Sugiyama Laboratory, RIKEN Innovation Center, RIKEN, Kanagawa, Japan.
Oncology Clinical Development Planning, Ono Pharmaceutical Company, Ltd., Osaka, Japan.
Translational Medicine Center, Ono Pharmaceutical Company, Ltd., Osaka, Japan.
Pharmacokinetic Research Laboratories, Ono Pharmaceutical Company, Ltd., Ibaraki, Japan. Electronic address:


The cause of nonlinear pharmacokinetics (PK) (more than dose-proportional increase in exposure) of a urea derivative under development (compound A: anionic compound [pKa: 4.4]; LogP: 6.5; and plasma protein binding: 99.95%) observed in a clinical trial was investigated.
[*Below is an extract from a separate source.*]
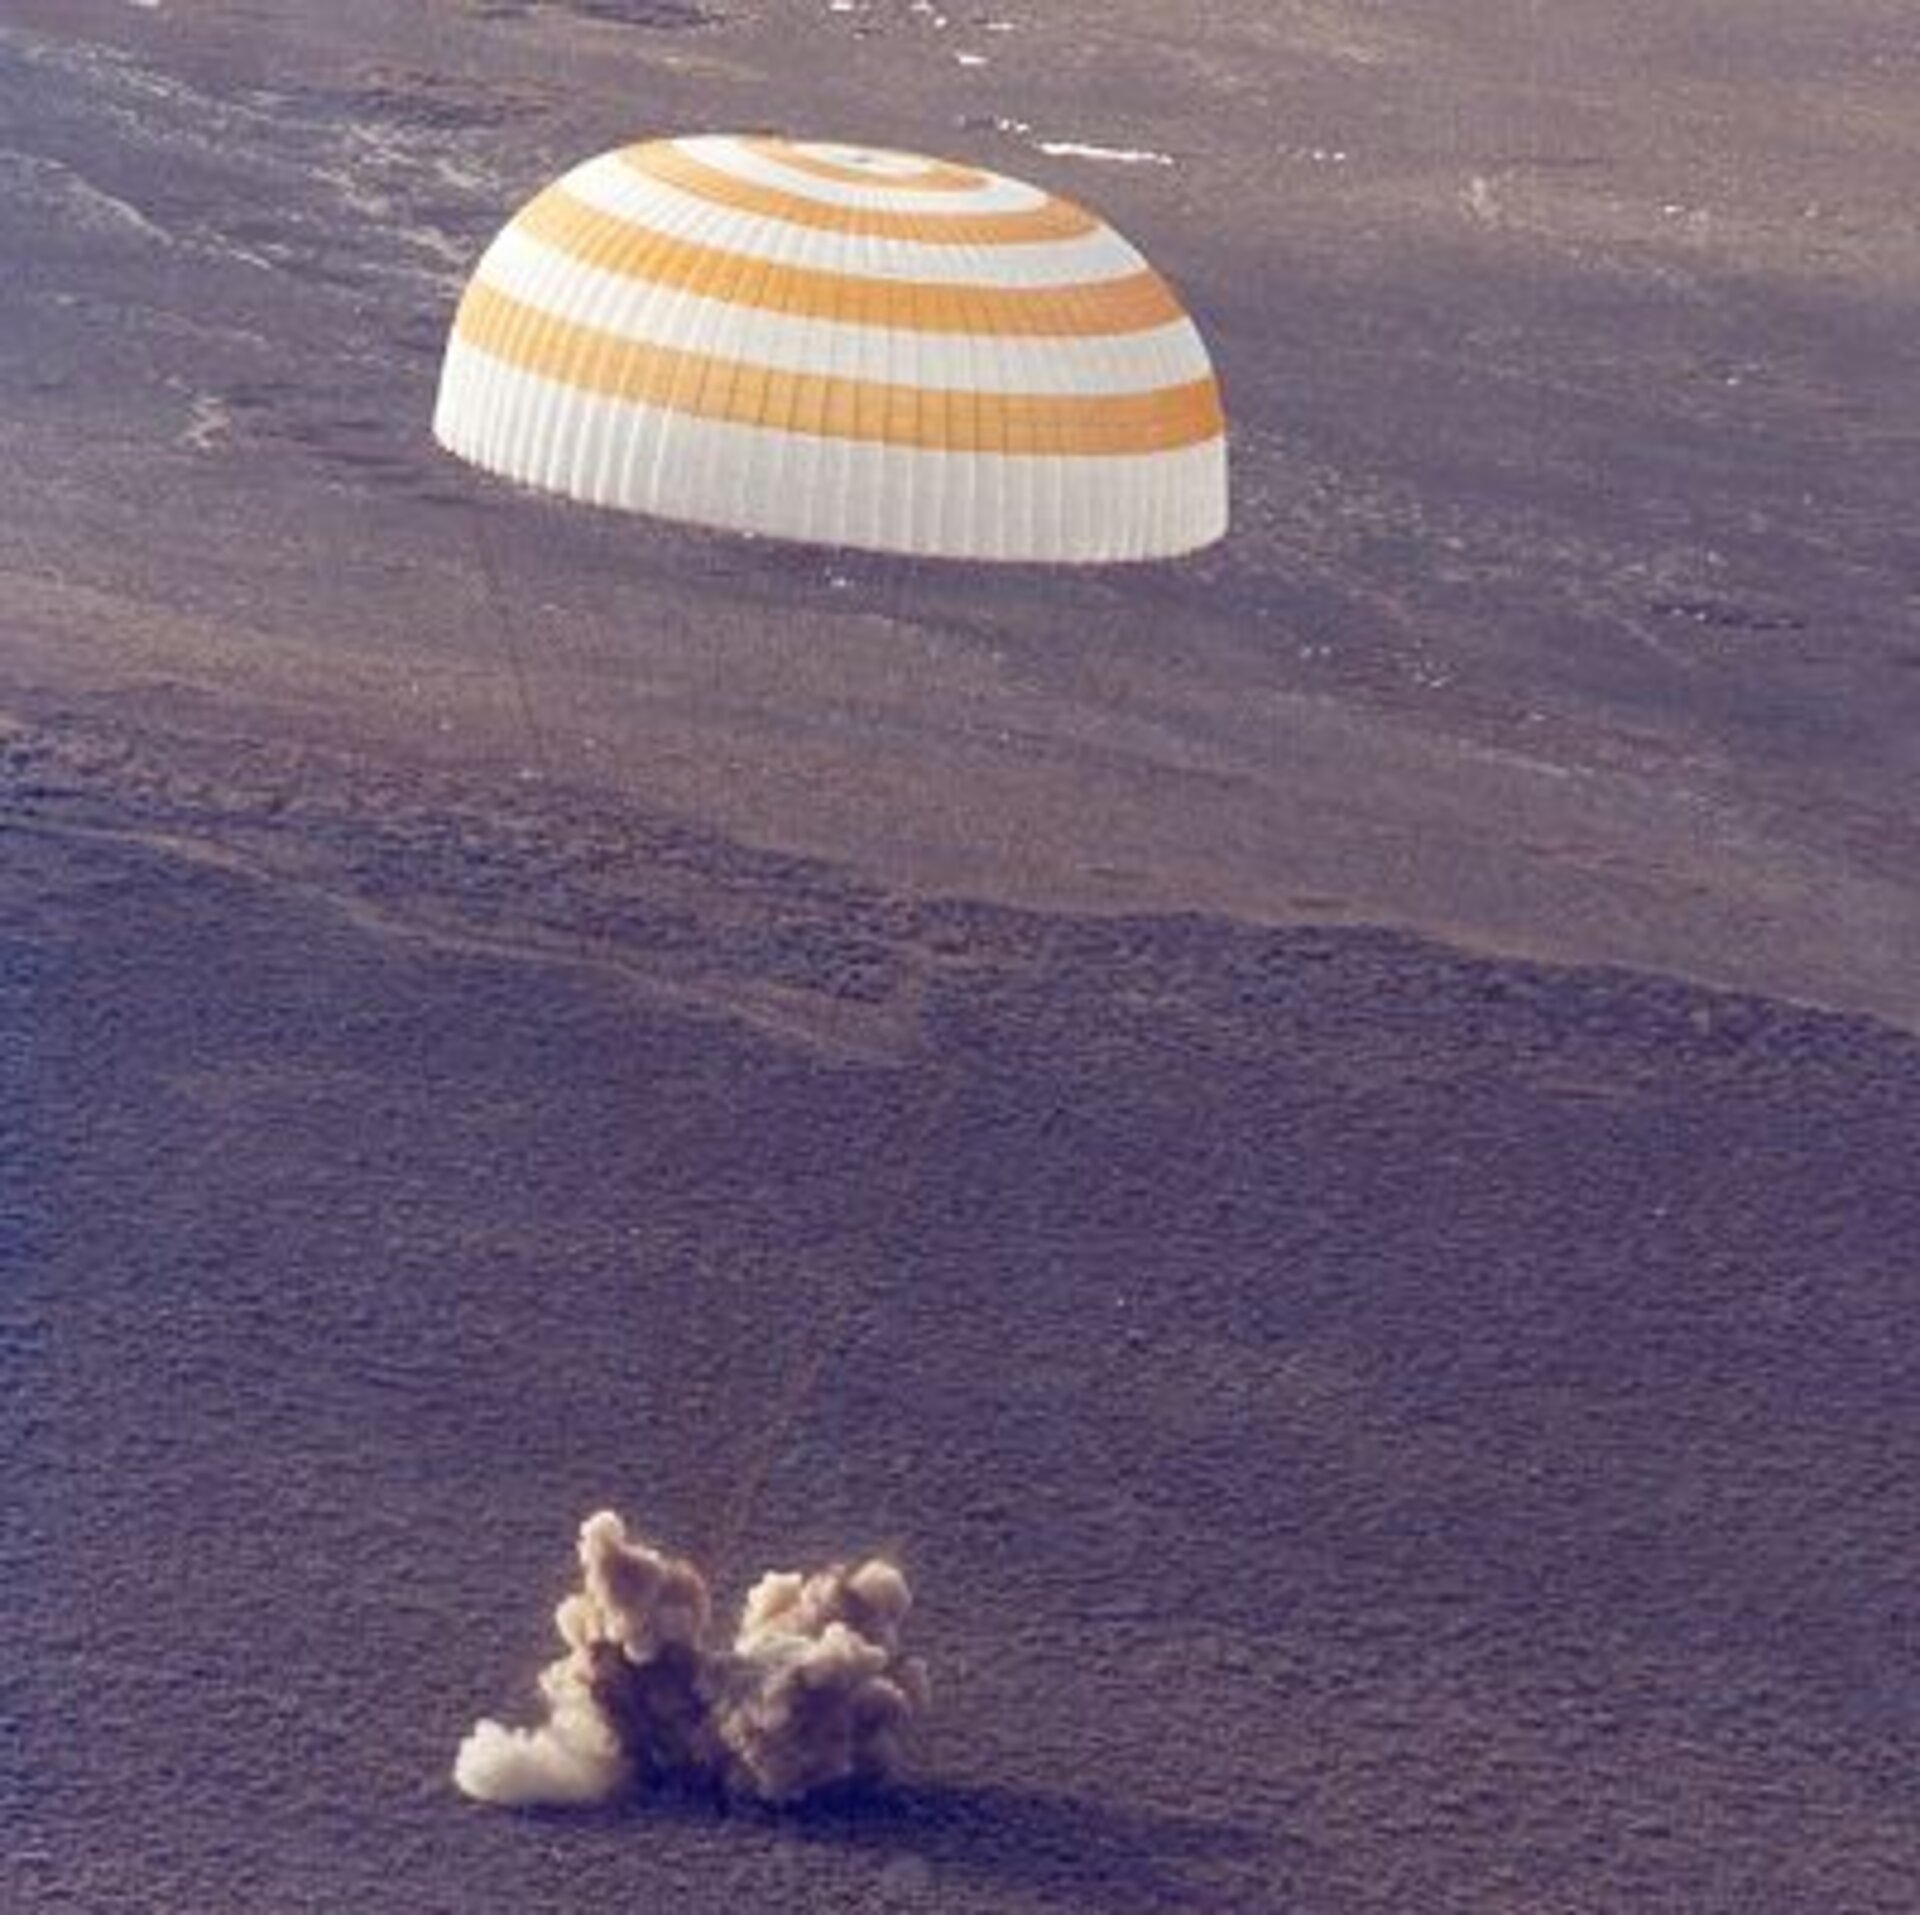 Soyuz capsule during landing

Compound A was metabolized by CYP3A4, UGT1A1, and UGT1A3 with unbound Km of 3.3-17.8 μmol/L. OATP1B3-mediated uptake of compound A determined in the presence of human serum albumin (HSA) showed that unbound Km and Vmax decreased with increased HSA concentration. A greater decrease in unbound Km than in Vmax resulted in increased uptake clearance (Vmax/unbound Km) with increased HSA concentration, the so-called albumin-mediated uptake. At 2% HSA concentration, unbound Km was 0.00657 μmol/L. A physiologically based PK model assuming saturable hepatic uptake nearly replicated clinical PK of compound A. Unbound Km for hepatic uptake estimated from the model was 0.000767 μmol/L, lower than the in vitro unbound Km at 2% HSA concentration, whereas decreased Km with increased concentration of HSA in vitro indicated lower Km at physiological HSA concentration (4%-5%). In addition, unbound Km values for metabolizing enzymes were much higher than unbound Km for OATP1B3, indicating that the nonlinear PK of compound A is primarily attributed to saturated OATP1B3-mediated hepatic uptake of compound A.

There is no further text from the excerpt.